Performance matters because scheduled query alerts execute KQL repeatedly under time constraints. Inefficient queries can evaluate slowly, miss the intended cadence, or add load to workspaces that already serve dashboards and investigations. Operators should avoid unnecessary joins, project only needed columns, filter early by time and resource, and test the query with realistic data volume. Query performance also affects detection latency: a slow rule can make an urgent incident visible later than expected. The best alerts use tight scopes, clear aggregation, stable dimensions, and evaluation windows that tolerate ingestion delay without scanning more data than needed. during peak load testing.

Operations

Operators manage scheduled query alerts by listing rules, reviewing KQL, checking scopes, testing queries in Log Analytics, validating action groups, and watching fired alert history.
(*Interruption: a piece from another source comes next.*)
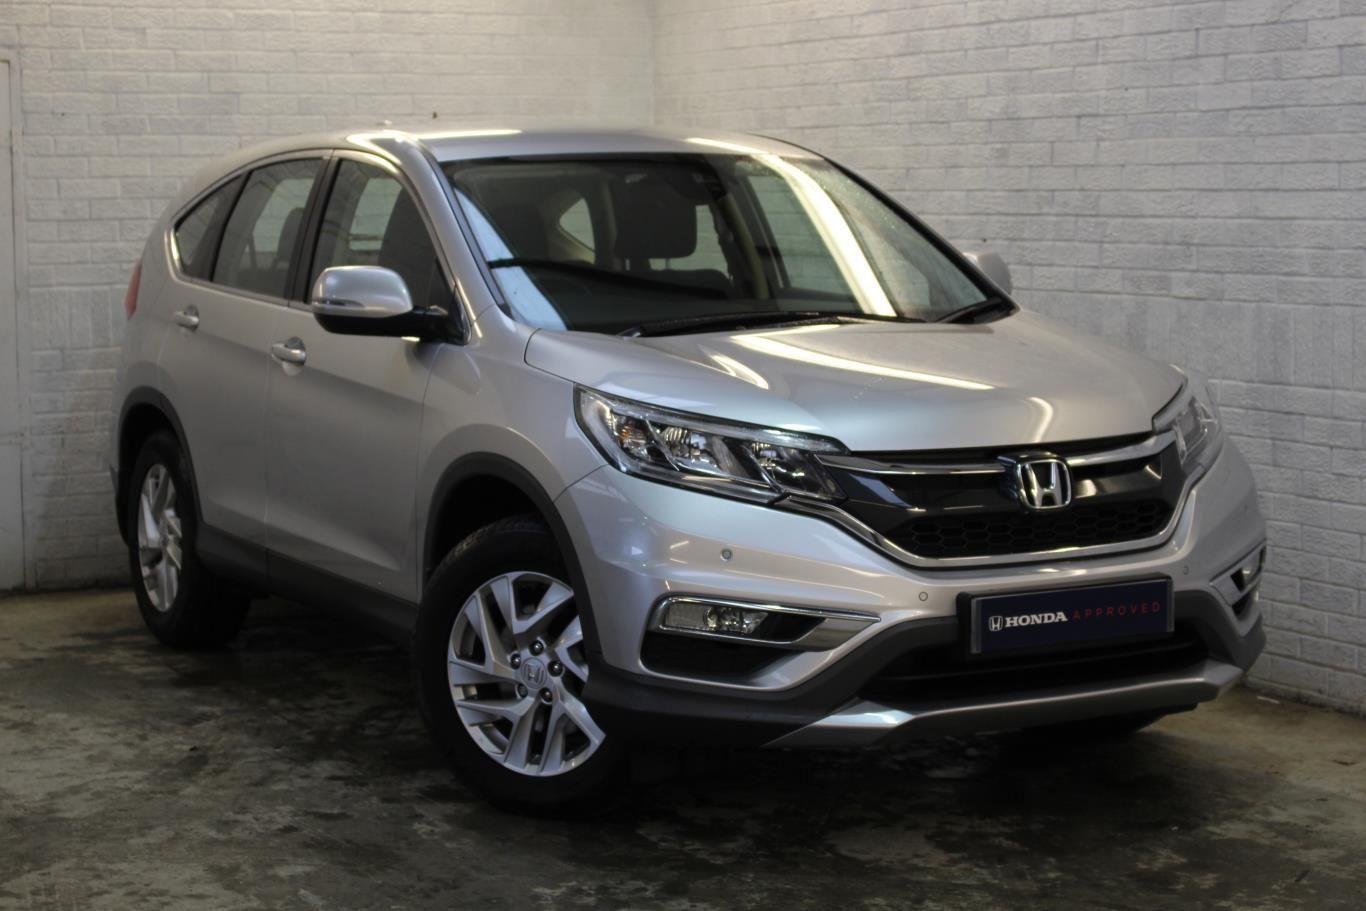 Honda CR-V 1.6 I-DTEC SE AWD

Runbooks should record why the query exists, what table schema it expects, what result count is abnormal, and who owns remediation. During troubleshooting, operators compare the query result in the workspace with the alert rule settings, then check evaluation time, dimensions, severity, mute actions, and action-group delivery. Mature teams export rules as ARM, Bicep, or Terraform so alert changes follow review and rollback rather than portal-only edits. during weekly service reviews and incident follow-ups reliably.

Common mistakes

  • Using an evaluation window shorter than log ingestion delay, causing intermittent missed alerts.
  • Writing KQL that works interactively but scans too much data or returns a shape the alert condition cannot evaluate.
  • Forgetting to review action groups, so alerts fire correctly but notify retired channels or unowned webhooks.